December 14, 2012 — The Department of Commerce has released a redacted version of the special master, Judge Charles B. Swartwood, III (ret.) concerning applications of review of NOAA enforcement actions.
The following paragraphs are excerpted from the report.
Several of the Enforcement Attorneys have argued that in the review process “basic tenets of judicial review should apply” and that review of Agency action must be based solely on the administrative record. (Case 206: Response by EA Deirdre Casey, p. 2.) Enforcement Attorney Charles Juliand echoes this assertion when he complains that this investigation involves “subjective determinations by a person or persons unfamiliar with the process who seem to rely more heavily on ex parte communications from interested parties than upon an analysis of substantive rights in light of established law and policy.” (Case 228: Response by EA Charles Juliand, pp. 1-2.) I disagree with these assertions. This investigation does not involve judicial review. It is an investigation of complaints about an abuse of process. In order to investigate a complaint, it is necessary to interview the complainant. Additionally, all NOAA personnel involved in a case have been given ample opportunity to respond to an applicant’s complaint.
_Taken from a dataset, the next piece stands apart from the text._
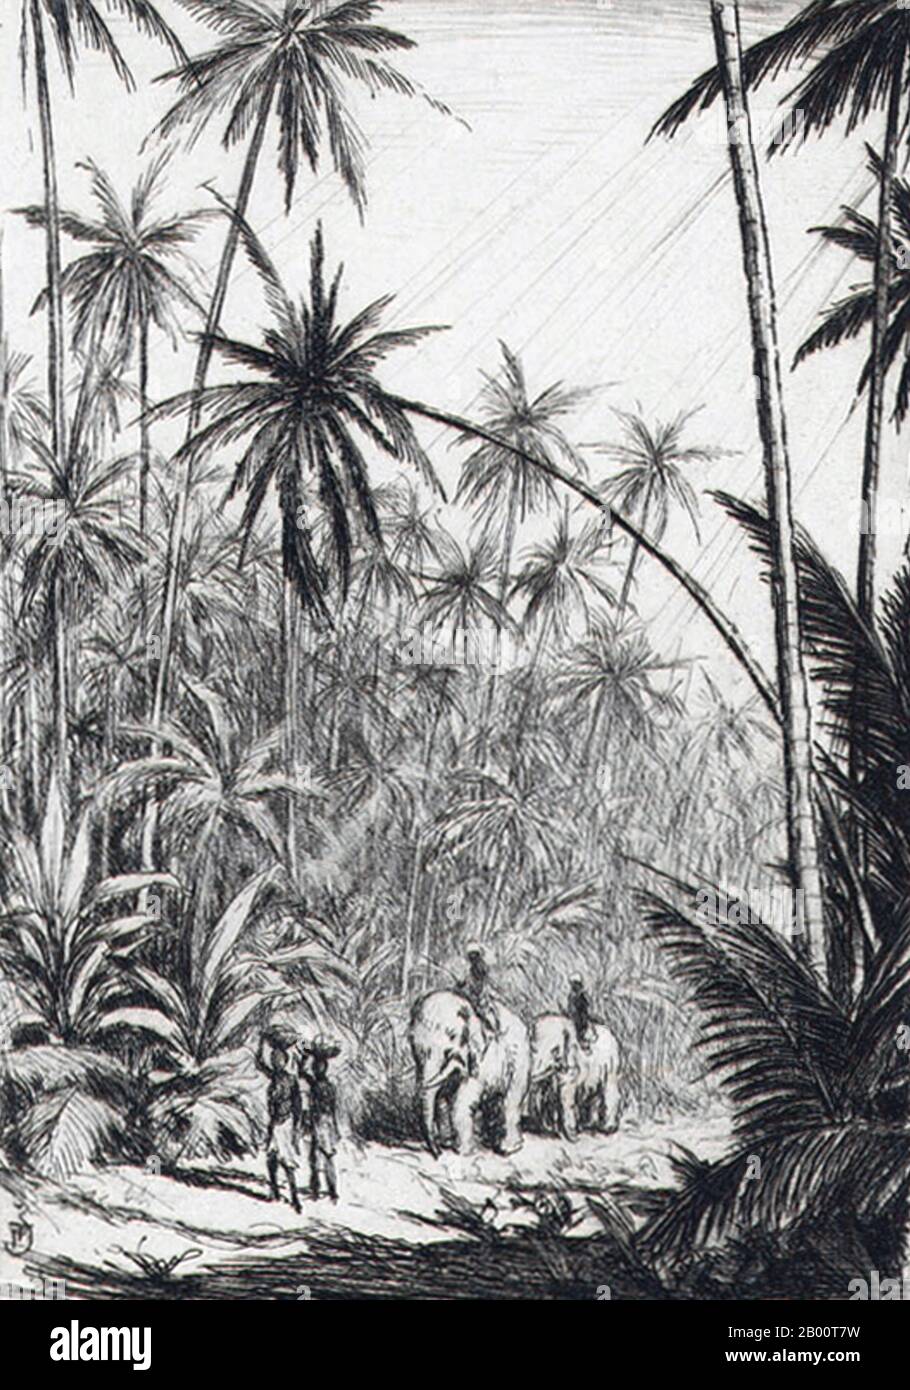 Sri Lanka/Czechoslovakia: 'Elephant Riders Passing through Coconut Plantations in the Rain'. Drawing by T. F. Simon (1877-1942), c. 1928.  Tavik Frantisek Simon (1877–1942), was a Czech painter, etcher, and woodcut artist. Although based mainly in Europe, his extensive travels took him to Morocco, Ceylon (now Sri Lanka), India, and Japan, images of all of which appear in his  artistic work. He died in Prague in 1942. Largely ignored during the Communist era in Czechoslovakia, his work has received greater attention in recent years. Stock Photo

In some cases, those responses have been lengthy and are usually supported by referenced exhibits.
The Enforcement Attorneys further argue that complainants are bound by their settlement agreement and that those agreements cannot be set aside except for fraud or duress. (Case 206: Response by Deirdre Casey, p. 2.) EA Casey cites to civil case authority for this proposition of contract law. However, this review is an equitable proceeding based on fundamental fairness and common sense and is not subject to either the rigid confines of judicial review or traditional concepts of common law. The best example of a similar Executive prerogative is the authority of the President to grant a pardon. It is a permitted discretionary action not subject to any particular or existing standard and not subject to review. Additionally, this review is part of an inquiry by the Secretary of Commerce concerning enforcement practices within NOAA. As such, it is an Executive Branch function not governed by principles applicable to Judicial Branch proceedings.
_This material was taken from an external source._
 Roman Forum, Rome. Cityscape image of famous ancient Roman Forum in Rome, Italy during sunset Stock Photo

In the Conclusion to my April 2011 Report, I noted a pattern by Enforcement Attorneys (EAs) of assessing high monetary penalties in a manner that unfairly forced settlement. Report and Recommendation of the Special Master concerning NOAA Enforcement Action of Certain Designated Cases (Apr. 2011). I have seen that same pattern emerge in reviewing the cases included in this Report and in some instances have recommended relief because of that procedure. The EAs argue that if the fishermen, vessel owners or fish dealers believed that the penalty assessment and/or proffered settlement was excessive, they had the option to appeal their cases to a Coast Guard ALJ. As pointed out in my previous Report and confirmed by every fisherman, vessel owner, fish dealer and lawyer interviewed for this Report, there was a universal perception that a Coast Guard ALJ, after hearing, would affirm both liability for the alleged violation and the originally assessed penalty. Therefore, every fisherman, vessel owner and fish dealer that was faced with an excessive penalty assessment was willing to accept a proffered settlement for a base amount, even if that amount was excessive because of the perceived likelihood that the original excessive assessment would be affirmed if appealed to a Coast Guard ALJ. This perception and the ability of NOAA Enforcement Attorneys to seize the catch and impose a substantial permit sanction gave EAs a substantial advantage in settlement negotiations and enabled them in certain cases to force unfair settlements.
I have recommended relief in several cases where an excessive penalty assessment led to an unfair settlement. However, there are also cases where I have found the penalty assessment to be excessive, but that the resulting settlement was fair. Therefore, the determining factor has been not the original assessment but rather the resulting settlement.